Kiprah Petir, demikian dia biasa disapa oleh koleganya, dinilai Ikadin telah membebaskan rakyat kecil dan rentan dari kesulitan. Oleh karena itu Ikadin Kota Semarang memberi anugerah “Advokat Dedikasi Luhur Akses Keadilan”.
Penghargaan tersebut diberikan dalam Rapat Anggota Cabang (RAC) DPC Ikadin Kota Semarang yang dirangkaikan halalbihalal di di Semarang, Sabtu malam, 18 April 2026.
Petir dikenal sebagai advokat yang gigih membela masyarakat kecil, termasuk dalam sejumlah perkara yang melibatkan aparat kepolisian maupun kelompok rentan, seperti kasus Gamma, pelajar SMK yang tewas ditembak oknum polisi, kasus Levi, dosen Untag yang melibatkan perwira menengah Polda Jateng, hingga pembelaan terhadap pedagang kaki lima (PKL).

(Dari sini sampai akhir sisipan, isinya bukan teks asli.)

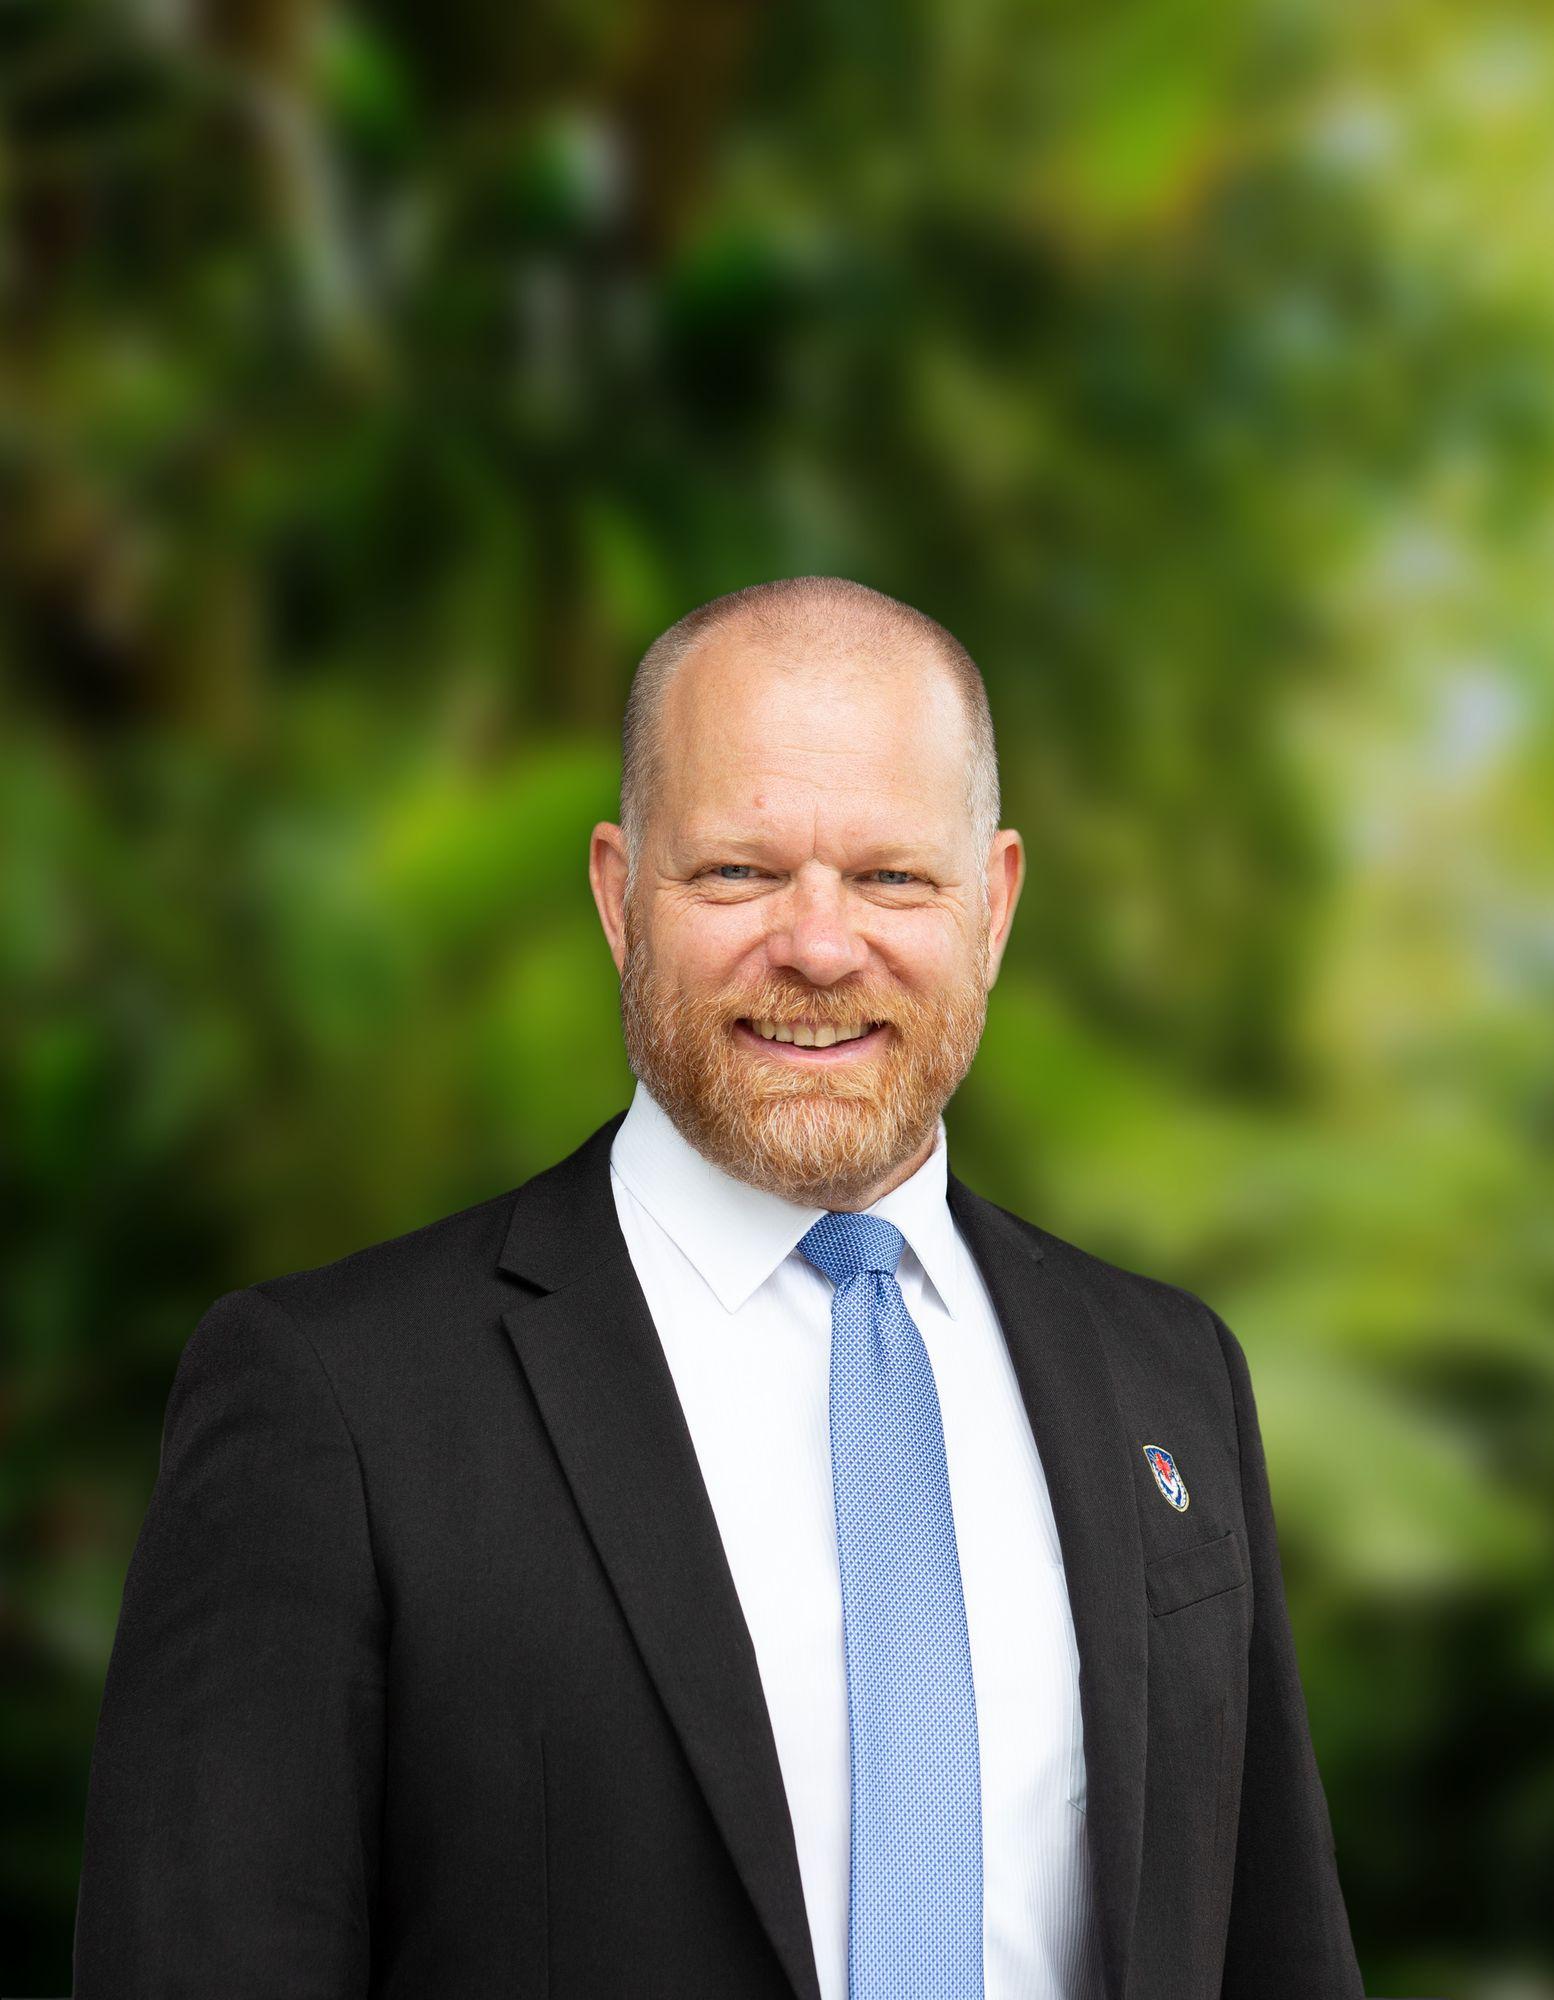 Greg Mattiske

Ketua DPC Ikadin Kota Semarang Dr. Sunarto atau biasa dipanggil Cak Narto, mengapresiasi kiprah Petir yang konsisten memperjuangkan akses keadilan bagi masyarakat tidak mampu.
“Kami sangat mengapresiasi dedikasi Mas Zainal Petir, yang secara konsisten sering memberikan bantuan hukum cuma-cuma (pro bono) kepada rakyat miskin, berpihak pada masyarakat kecil, serta menghadirkan dampak nyata dalam penegakan keadilan,” ujar Sunarto.
Ia menjelaskan penerima penghargaan dipilih melalui penjaringan dan penilaian internal, termasuk polling anggota sehingga mencerminkan aspirasi organisasi.